Sen. Judd Gregg (R-NH), the president’s pick for Commerce Secretary, just revealed during an interview with CNBC that he would recuse himself from congressional votes while his nomination is being considered by his former Senate colleagues.
As Brian Beutler notes, this means that Gregg, who is about to be in the position of spending recovery money, can't help overcome filibusters for it, leaving Democrats still needing two Republican votes, as it stands now, to pass anything. So Obama picked a Republican for a cabinet-level position and got less than nothing in return. Not even a vote on the most important legislation of the year.

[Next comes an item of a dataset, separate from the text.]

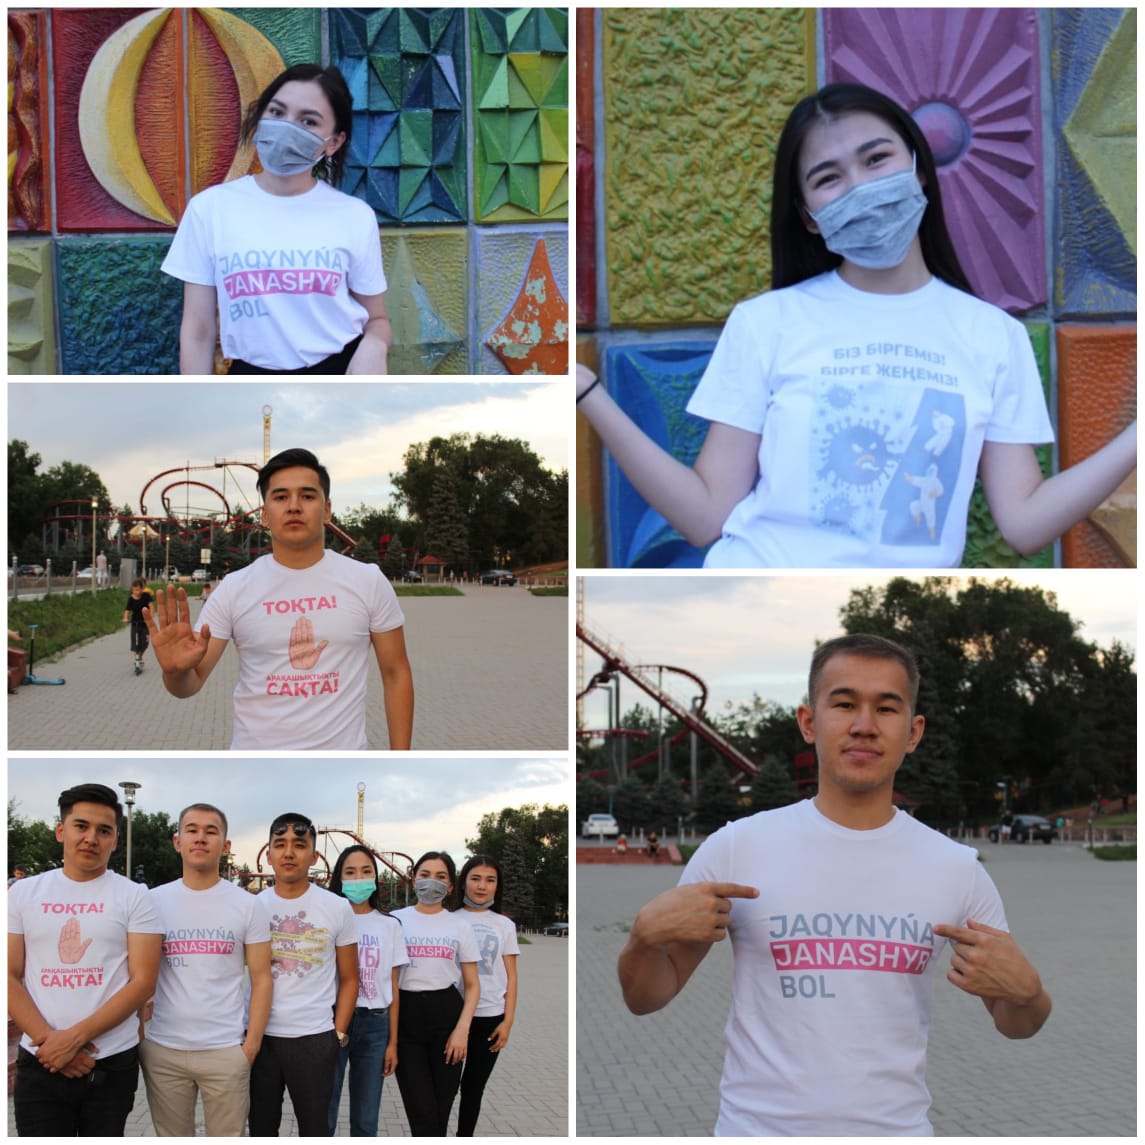 Алматы студенттер Альянсы коронавирусқа қарсы үндейтін футболка шығарды

That said, the Democrats have moves here. They could vote to confirm Gregg for Commerce tomorrow, taking him out of the Senate. And if Bonnie Newman, the handpicked successor, is sent up to be seated, refuse to seat her until Al Franken is seated as well. Either way, with 98 Senators or 100, the Dems would need only one crossover vote to pass. Some of this is moot because useful idiots like Ben Nelson and Mary Landrieu and Kent Conrad love to stab their party in the back. But there are options, if they want to play hardball. However, neither the Democratic Senate or the President seems to want to do so, and while today's developments have been mildly encouraging, the meat of Krugman's post is correct.
When it came to stimulus legislation, when Obama finally introduced his economic plan he immediately began negotiating with himself, preemptively offering concessions to the GOP, which voted against the plan anyway. (And Obama appears, in the name of bipartisanship, to have thrown away a Senate vote he may well need.)
As a wise man recently said, failure to act effectively risks turning this slump into a catastrophe. Yet there’s a sense, watching the process so far, of low energy. What’s going on?